What is needed =
Exact copy, no pictures: every line from the one that contains "Stephen Atkinson - Anatomy guy" through the end of the data below, and nothing else.

Dataset extract =
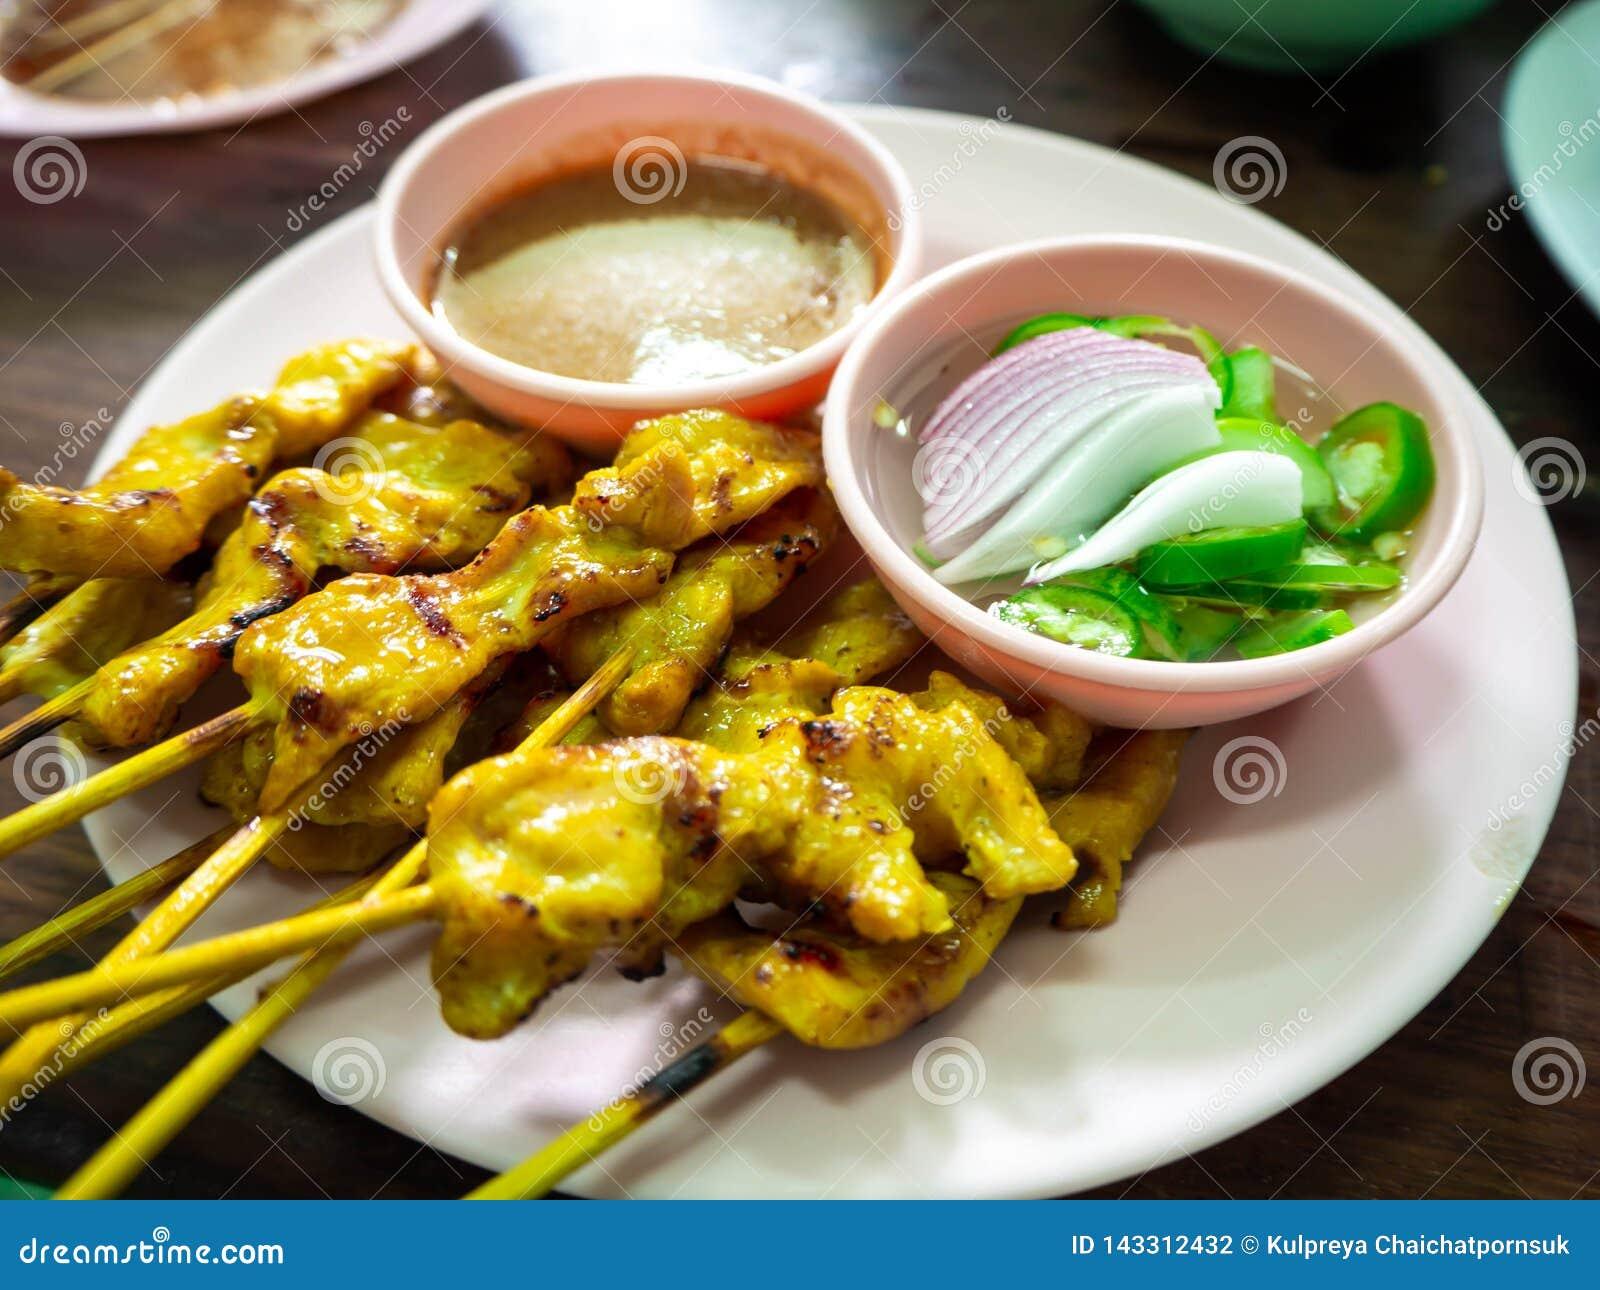 Pork Satay with peanut sauce, Thailand food
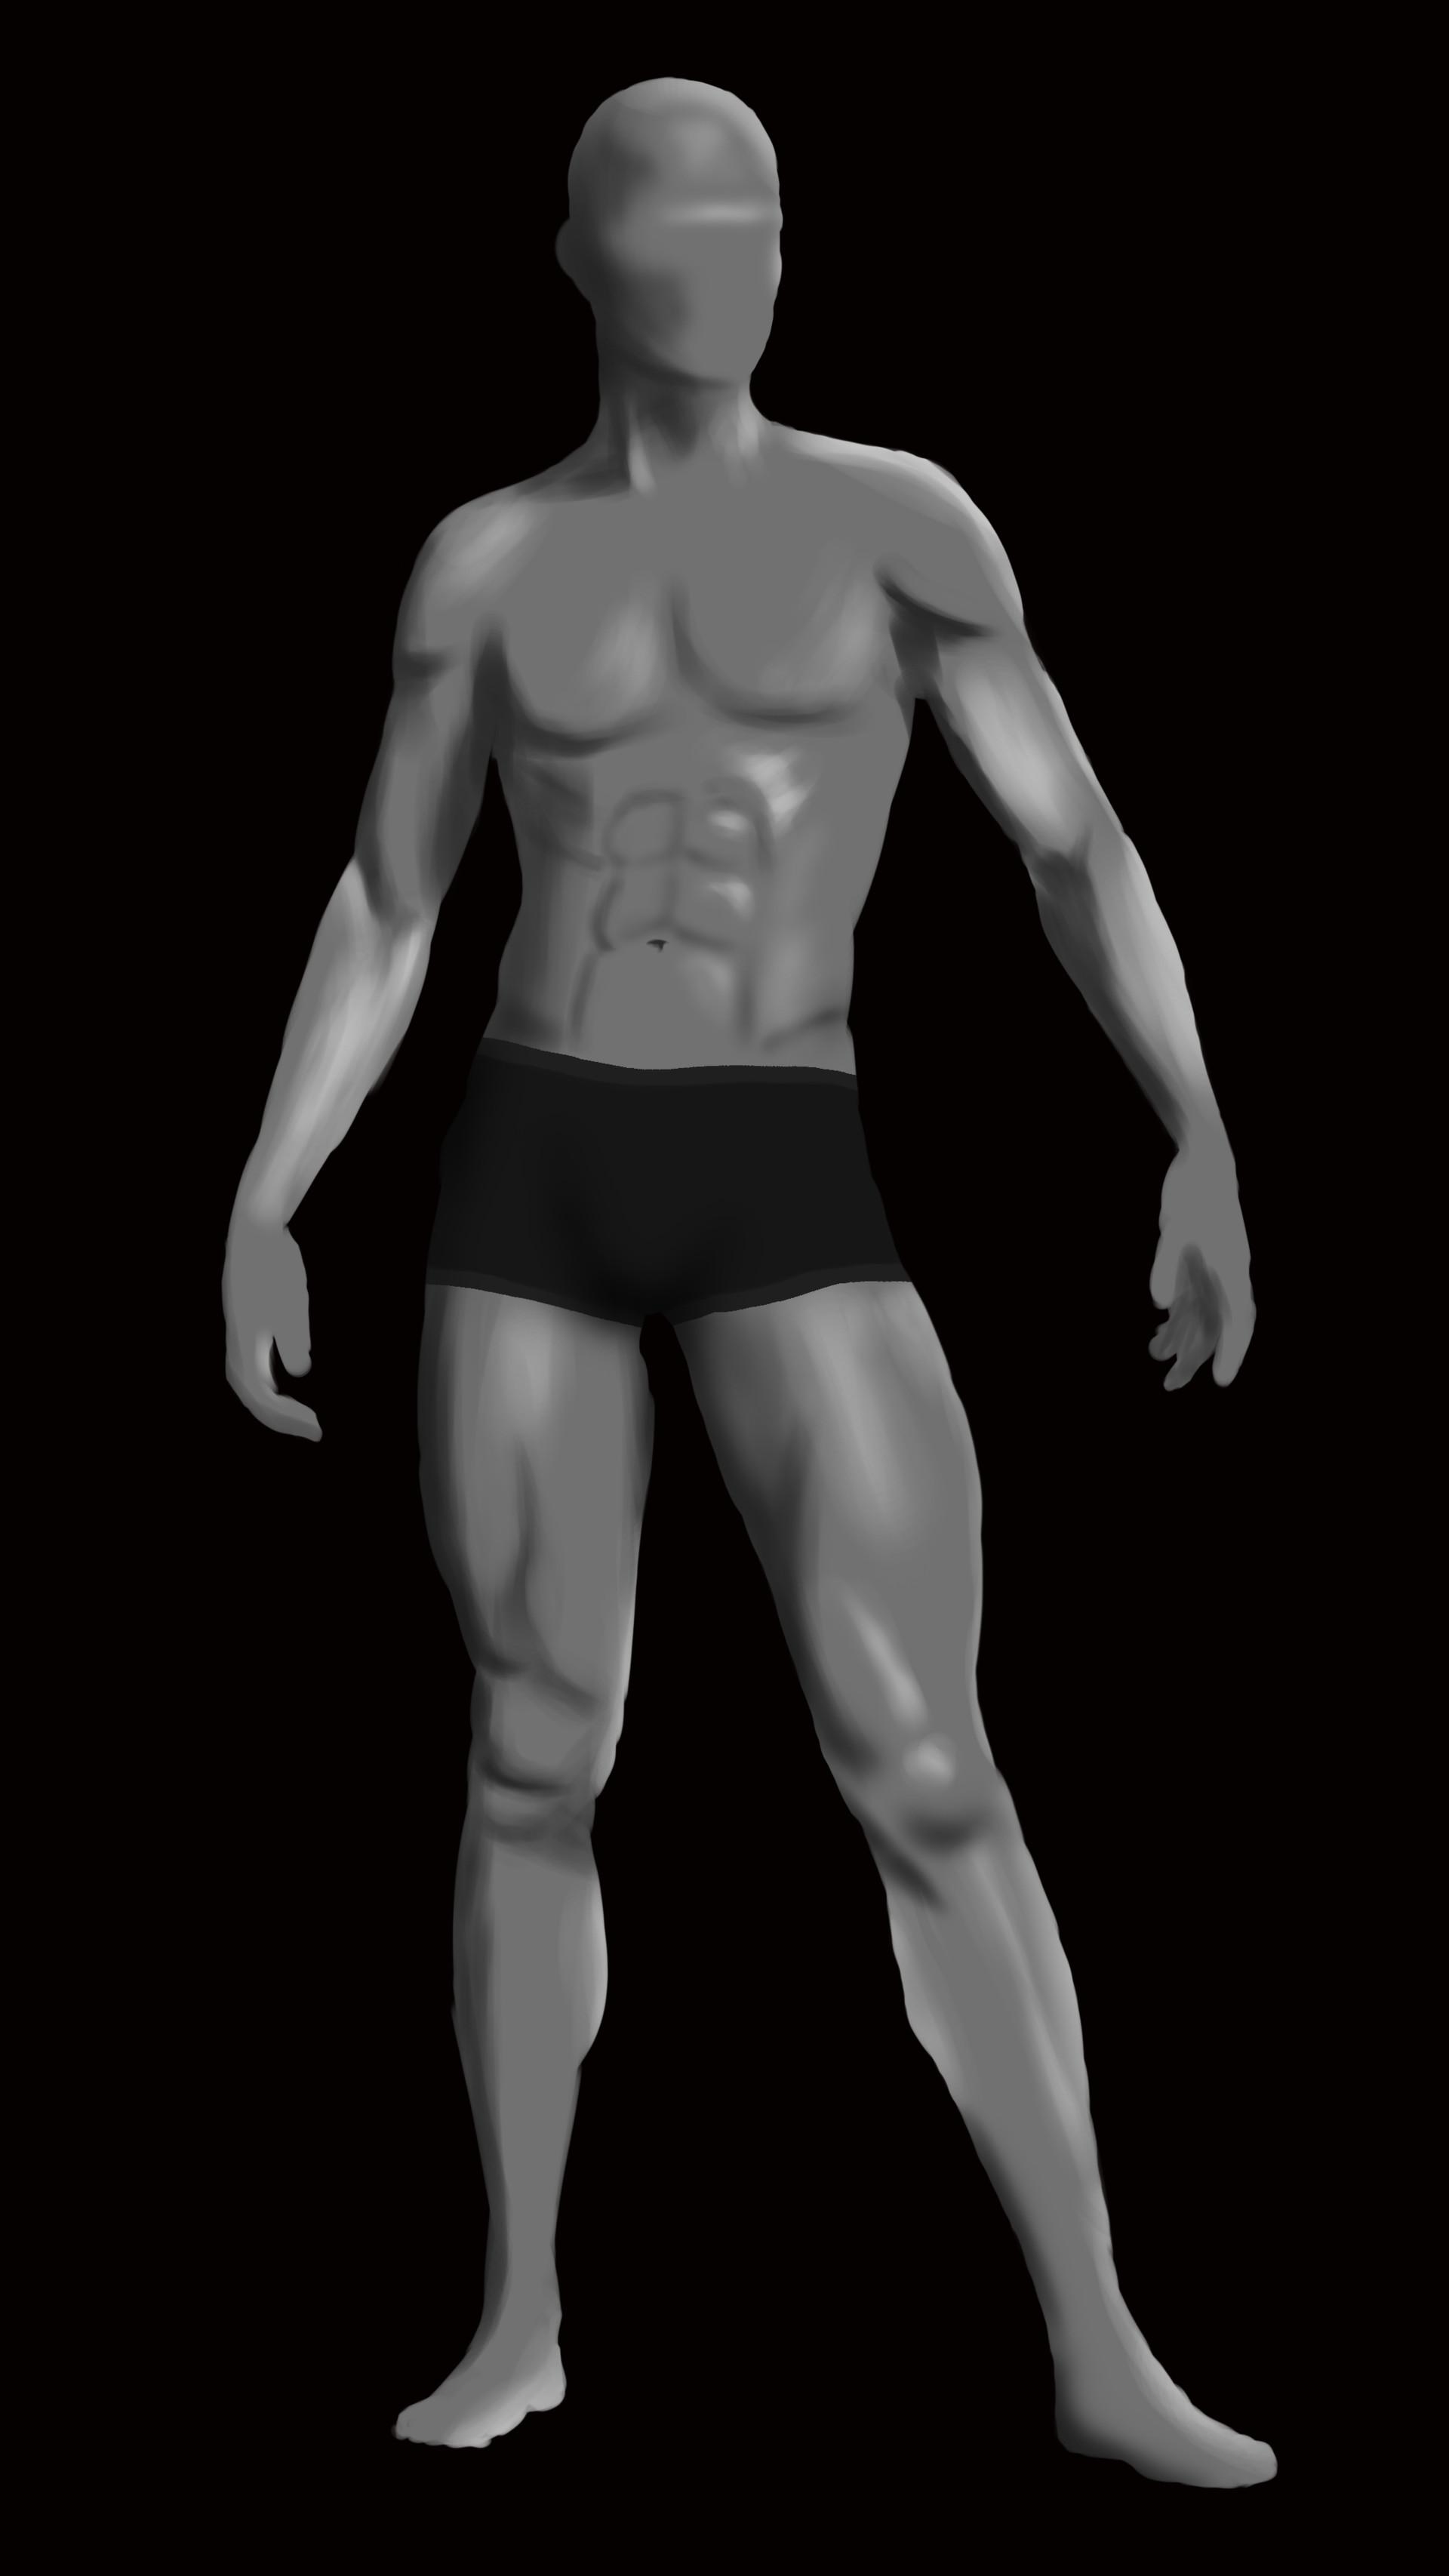 Stephen Atkinson - Anatomy guy
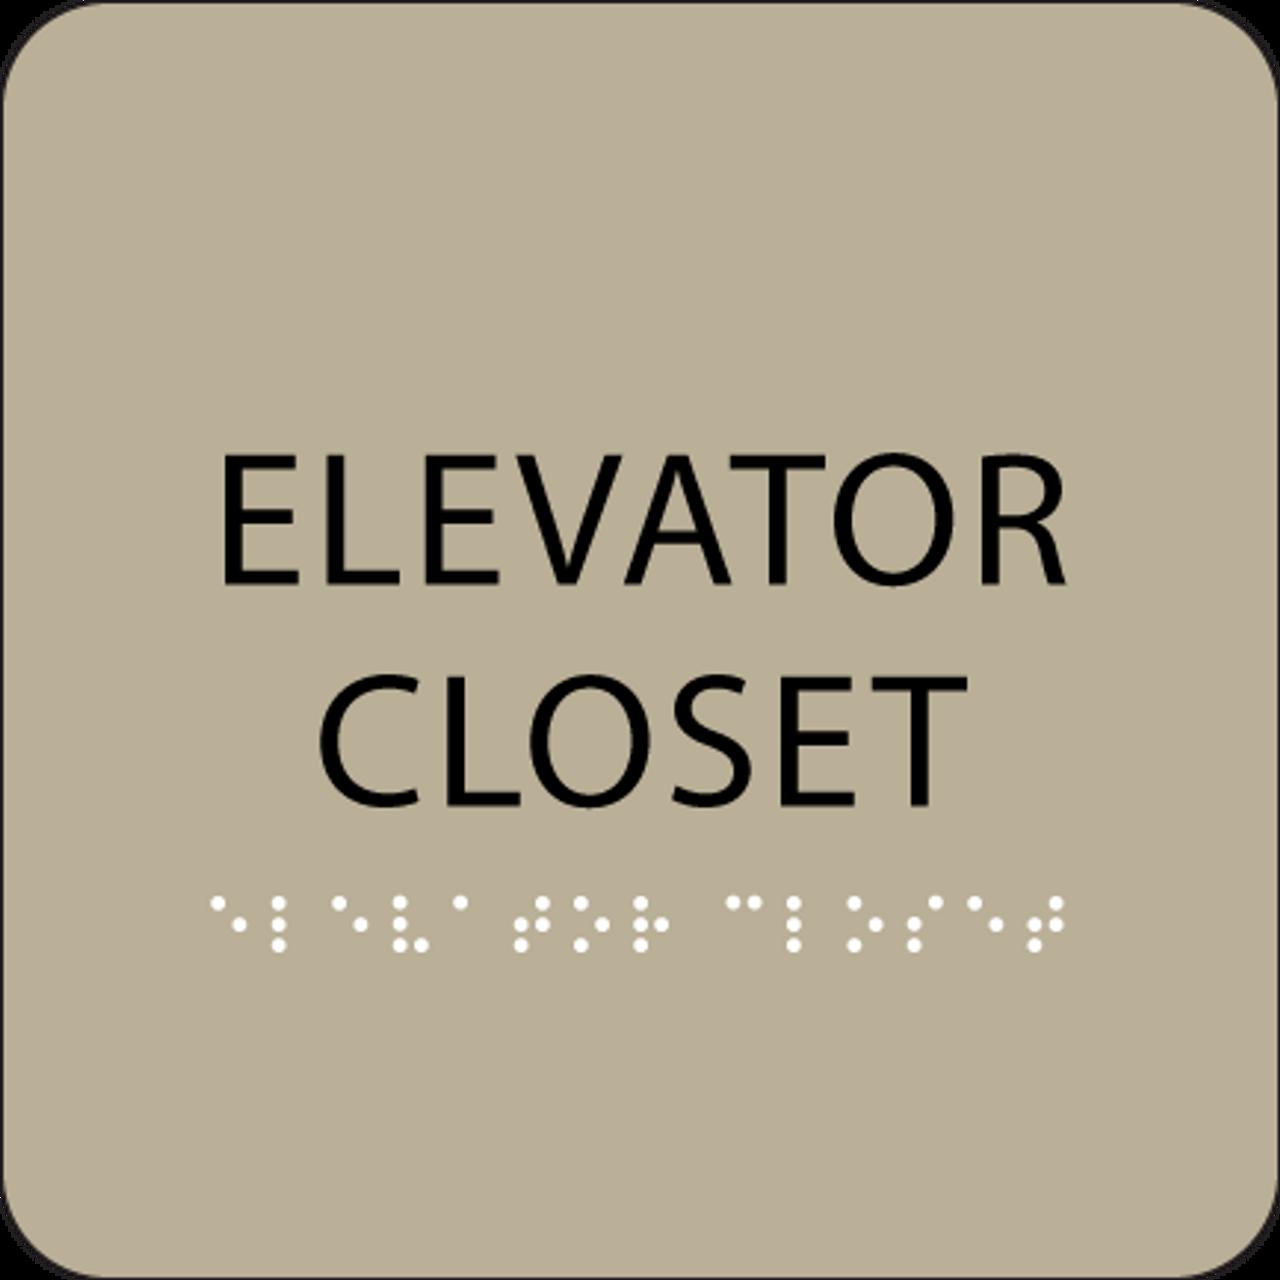 Brown ADA Elevator Closet Sign

Result =
 Stephen Atkinson - Anatomy guy
 Brown ADA Elevator Closet Sign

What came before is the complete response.